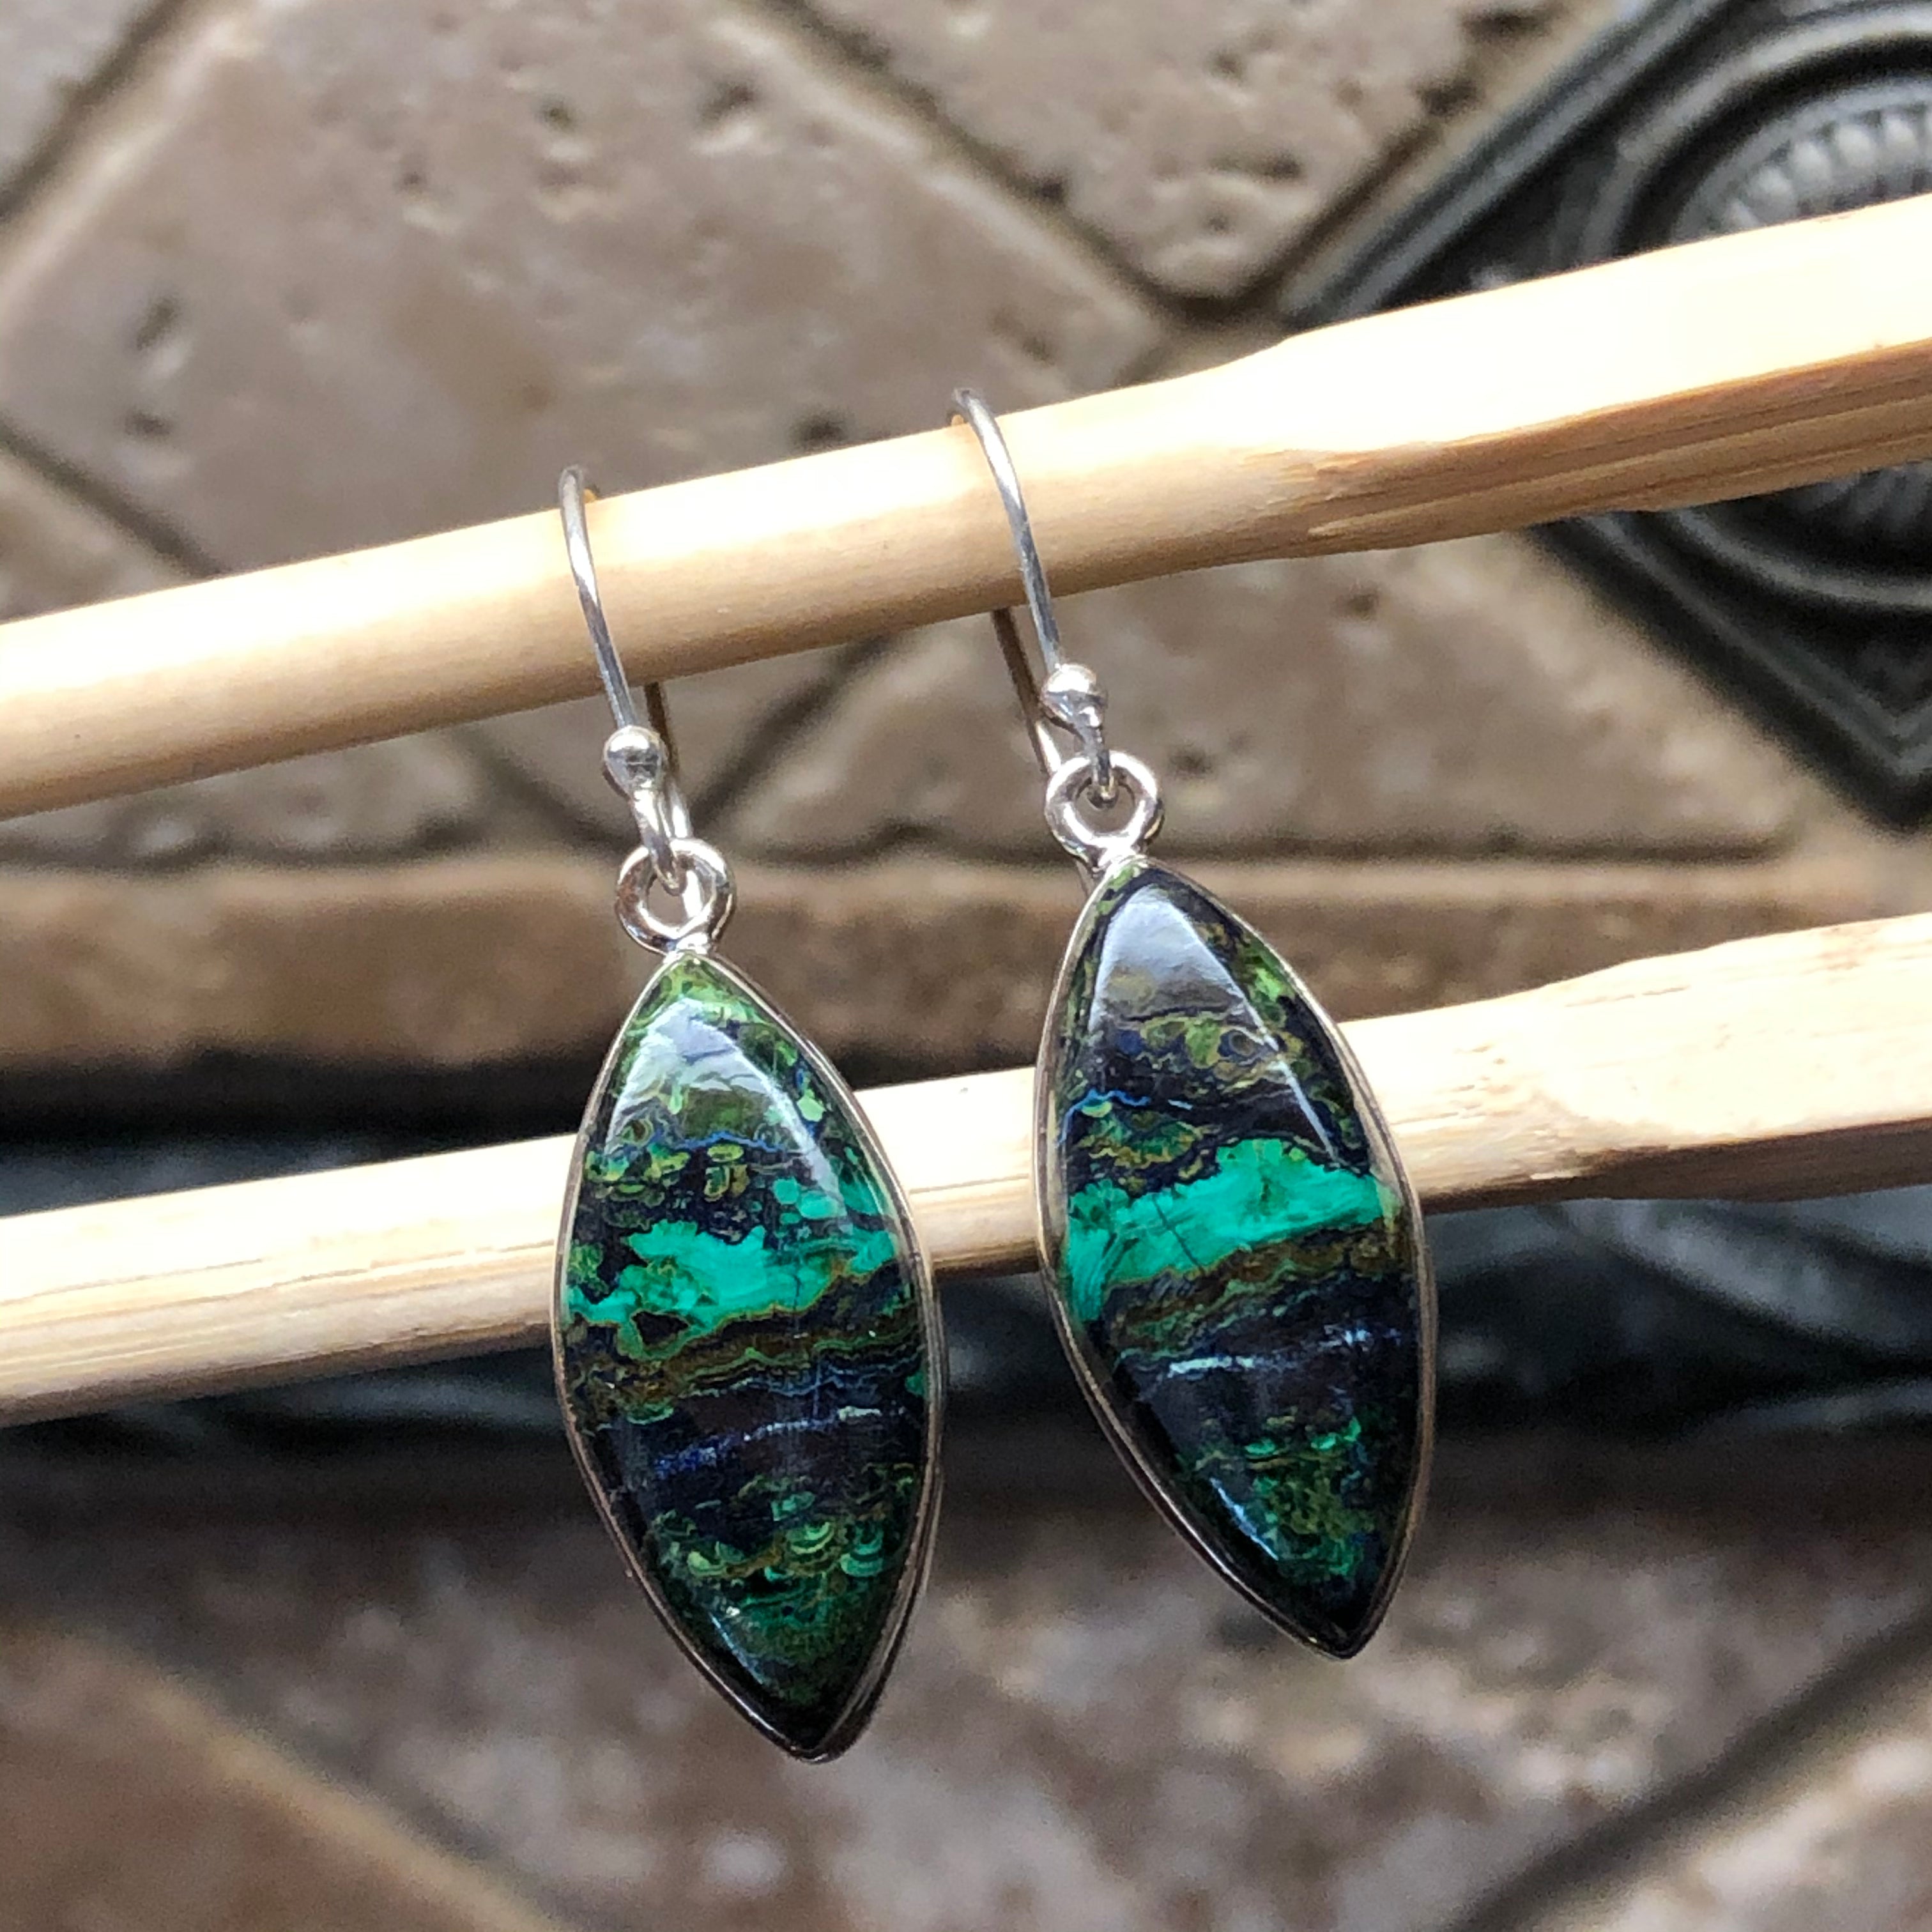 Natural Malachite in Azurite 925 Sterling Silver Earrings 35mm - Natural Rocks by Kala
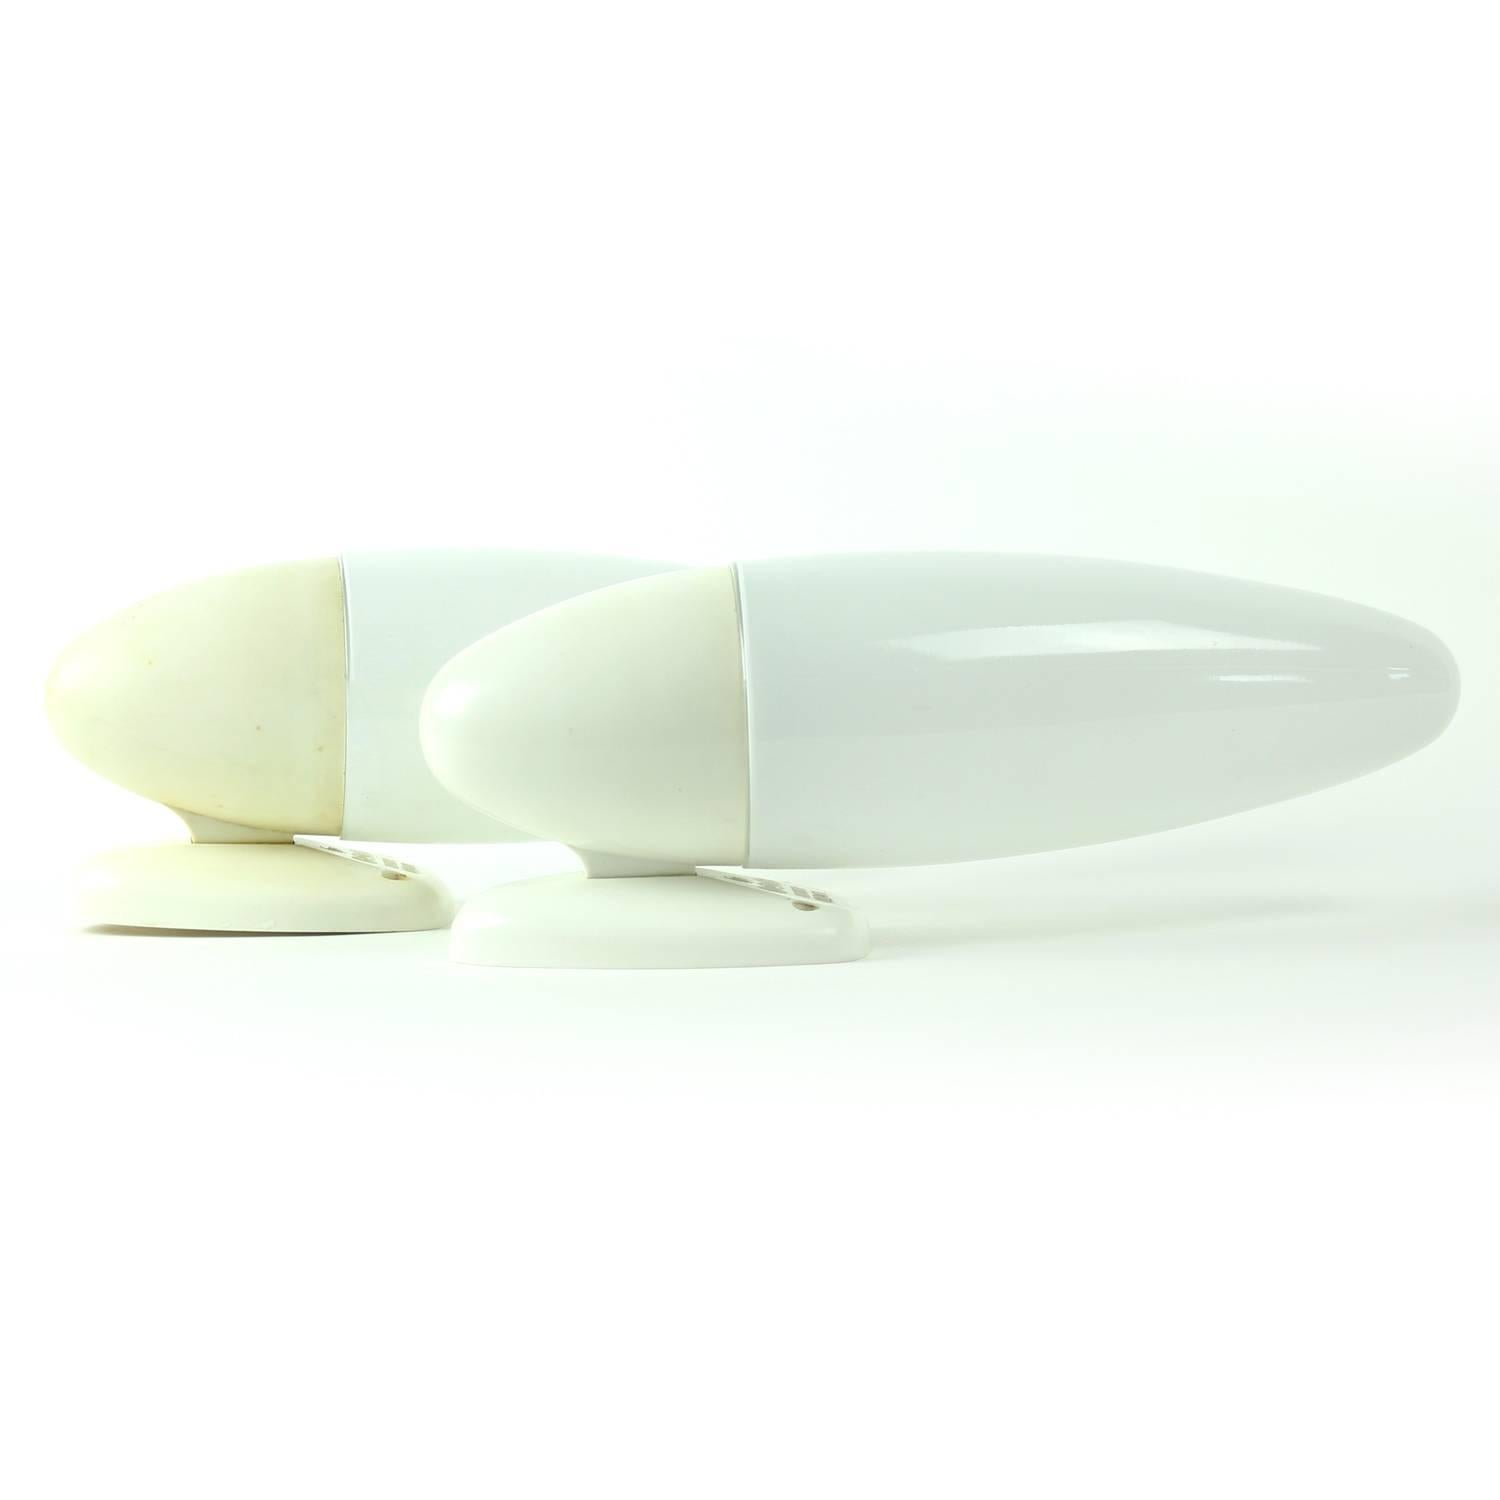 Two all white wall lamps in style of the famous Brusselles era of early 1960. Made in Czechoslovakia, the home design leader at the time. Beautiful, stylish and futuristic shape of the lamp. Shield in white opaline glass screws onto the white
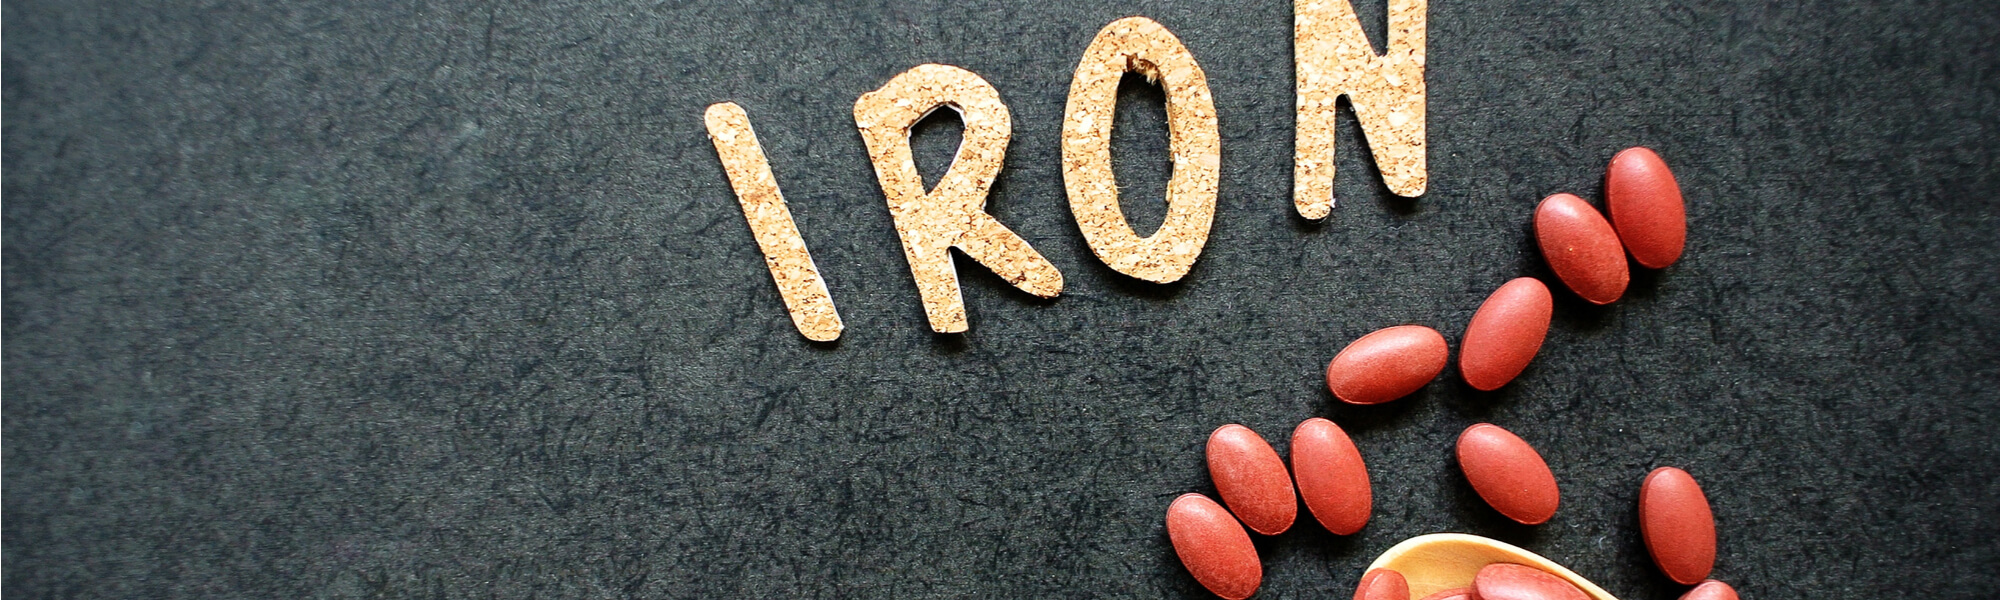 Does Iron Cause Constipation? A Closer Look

» What is needed
Line by line, write out the material above exactly, with no images.

» Exercise answer
 Natural Malachite in Azurite 925 Sterling Silver Earrings 35mm - Natural Rocks by Kala
 Two all white wall lamps in style of the famous Brusselles era of early 1960. Made in Czechoslovakia, the home design leader at the time. Beautiful, stylish and futuristic shape of the lamp. Shield in white opaline glass screws onto the white
 Does Iron Cause Constipation? A Closer Look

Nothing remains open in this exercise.